Dry steam power plants draw from underground resources of steam.
The steam is piped directly from underground wells to the power plant,
where it is directed into a turbine/generator unit. There are only two
known underground resources of steam in the United States: The
Geysers in northern California and Yellowstone National Park in
Wyoming, where there's a well-known geyser called Old Faithful. Since
Yellowstone is protected from development, the only dry steam plants
in the country are at The Geysers.
Flash steam power plants are the most common. They use geothermal
reservoirs of water with temperatures greater than 360°F (182°C). This
very hot water flows up through wells in the ground under its own
pressure. As it flows upward, the pressure decreases and some of the
hot water boils into steam. The steam is then separated from the
water and used to power a turbine/generator. Any leftover water and
condensed steam are injected back into the reservoir, making this a
sustainable resource.
Binary cycle power plants operate on water at lower temperatures of
about 225°-360°F (107°-182°C). These plants use the heat from the hot
water to boil a working fluid, usually an organic compound with a low
boiling point. The working fluid is vaporized in a heat exchanger and
used to turn a turbine. The water is then injected back into the ground
to be reheated. The water and the working fluid are kept separated
during the whole process, so there are little or no air emissions.

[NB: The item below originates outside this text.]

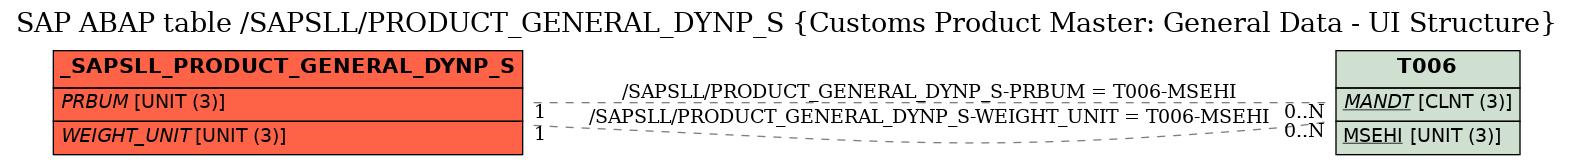 SAP ABAP Table /SAPSLL/PRODUCT_GENERAL_DYNP_S (Customs

Small-scale geothermal power plants (under 5 megawatts) have the
potential for widespread application in rural areas, possibly even as
distributed energy resources. Distributed energy resources refer to a
variety of small, modular power-generating technologies that can be
combined to improve the operation of the electricity delivery system.
In the United States, most geothermal reservoirs are located in the
western states, Alaska, and Hawaii
Geothermal Direct Use
NASA uses hydrogen fuel to launch the space shuttles. Credit: NASA
Hydrogen is the simplest element. An atom of hydrogen consists of only one
proton and one electron. It's also the most plentiful element in the universe.
Despite its simplicity and abundance, hydrogen doesn't occur naturally as a
gas on the Earth - it's always combined with other elements. Water, for
example, is a combination of hydrogen and oxygen (H2O).
Hydrogen is also found in many organic compounds, notably
the hydrocarbons that make up many of our fuels, such as gasoline, natural
gas, methanol, and propane. Hydrogen can be separated from hydrocarbons
through the application of heat - a process known as reforming. Currently,
most hydrogen is made this way from natural gas. An electrical current can
also be used to separate water into its components of oxygen and hydrogen.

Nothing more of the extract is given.